■ THE TASK: From the line containing "Tania Dorantes" down to the line containing "Brixton Men's Austin", copy out the entries below exactly, both lines included, and nothing else; pictures do not belong in the copy.

■ EXCERPTED DATA:

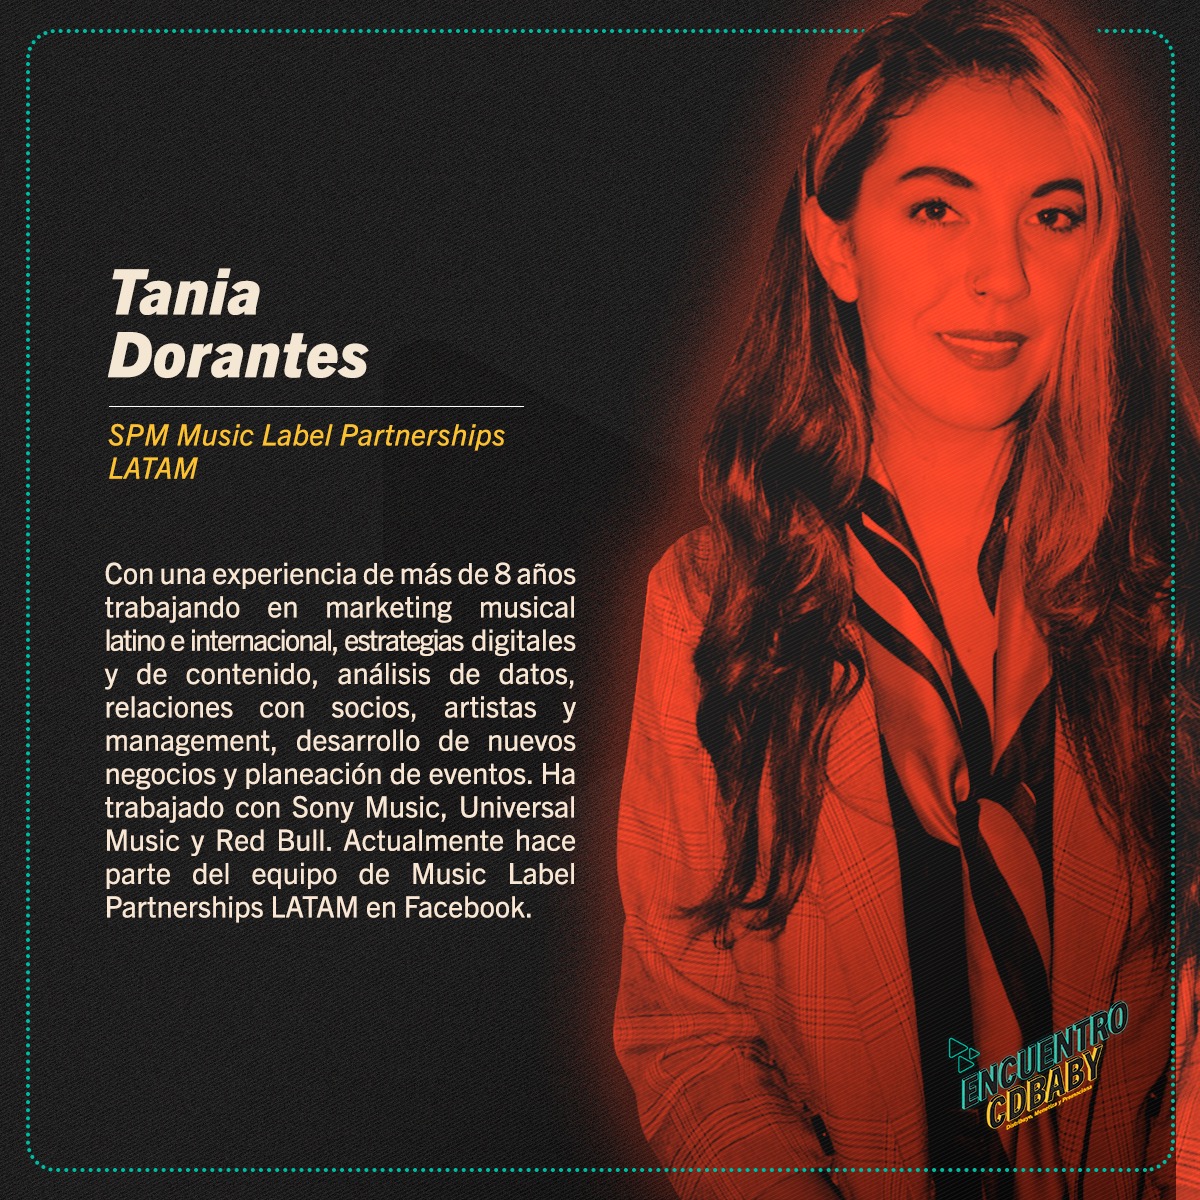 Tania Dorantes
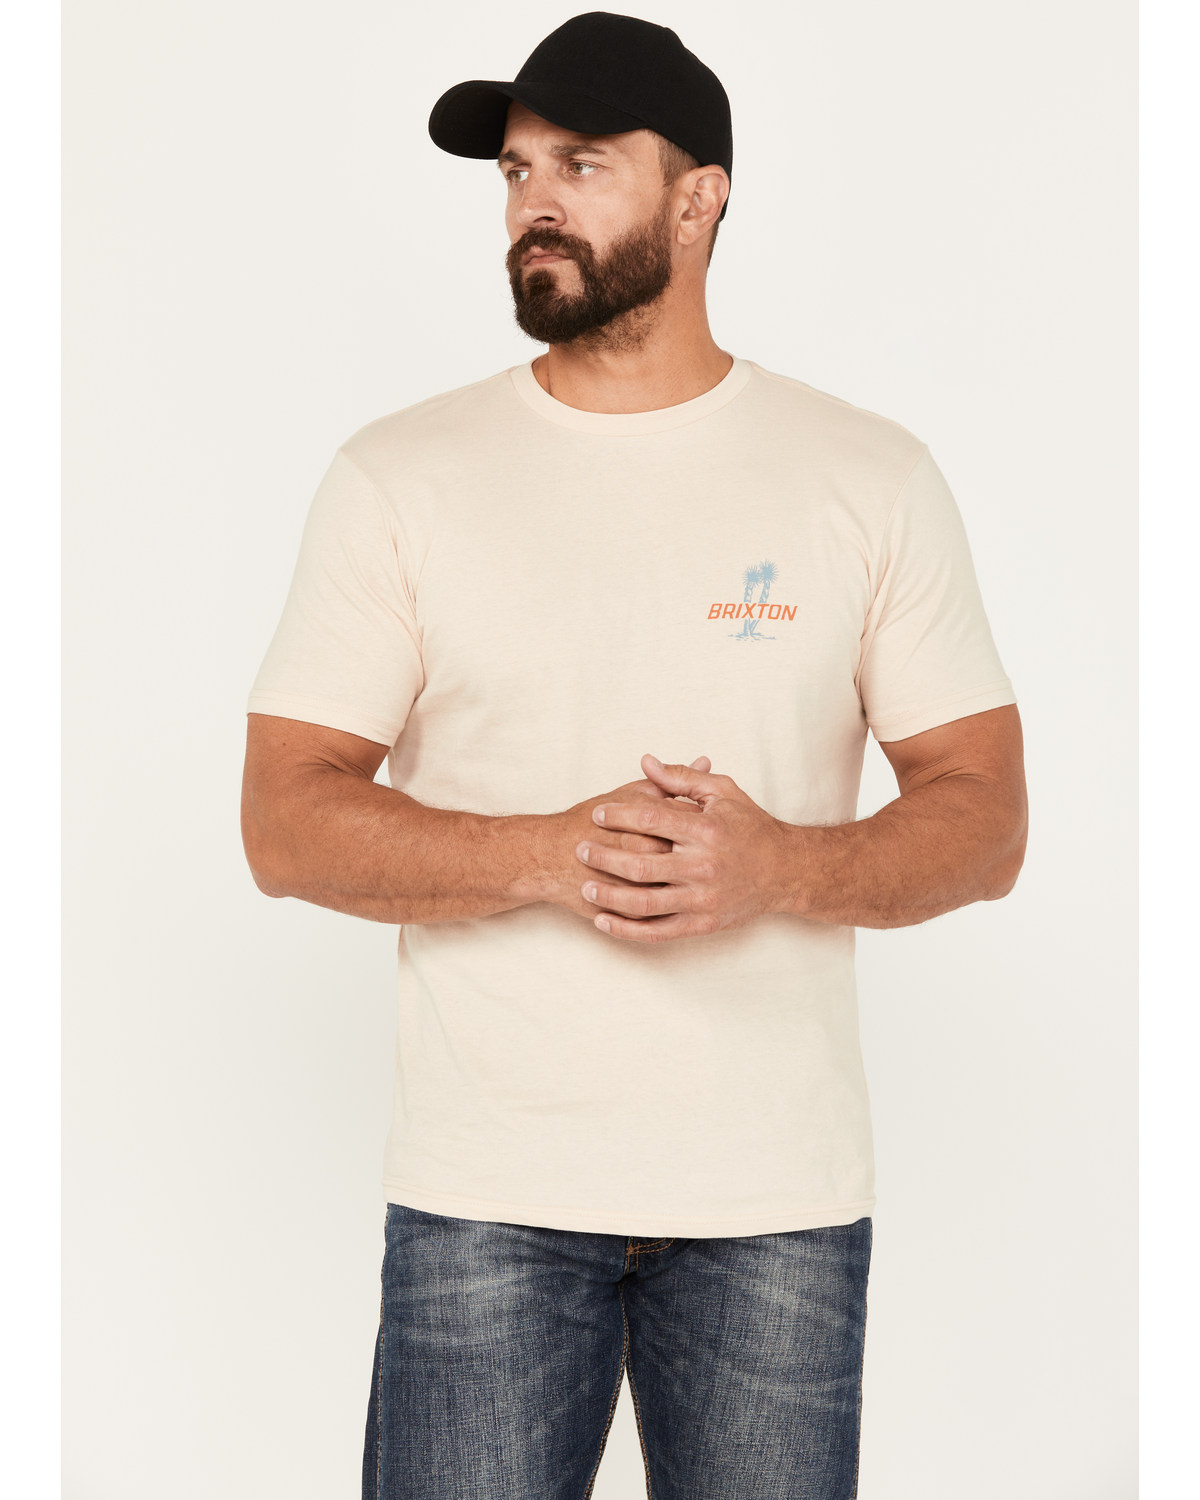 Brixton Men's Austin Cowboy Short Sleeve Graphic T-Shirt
---
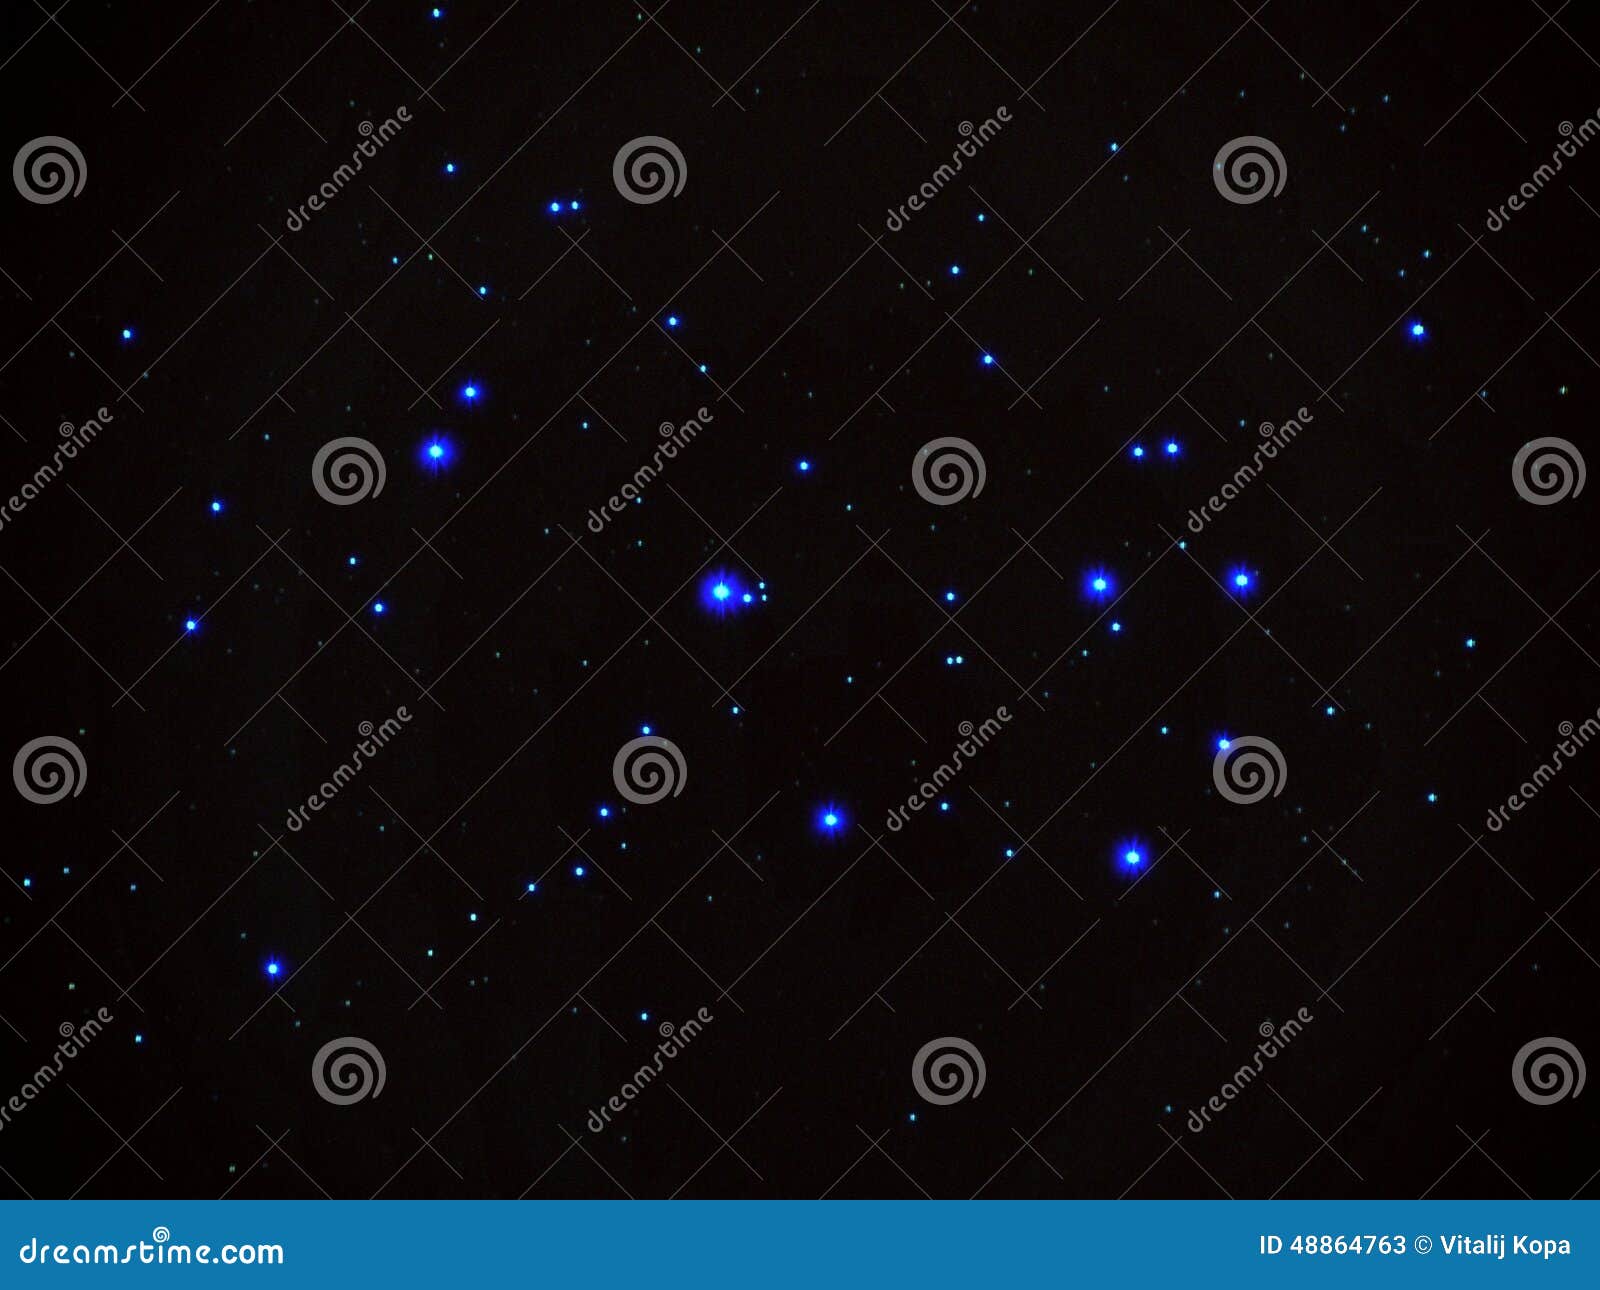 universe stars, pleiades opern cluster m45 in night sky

■ OUTPUT OF THE TASK:
 Tania Dorantes
 Brixton Men's Austin Cowboy Short Sleeve Graphic T-Shirt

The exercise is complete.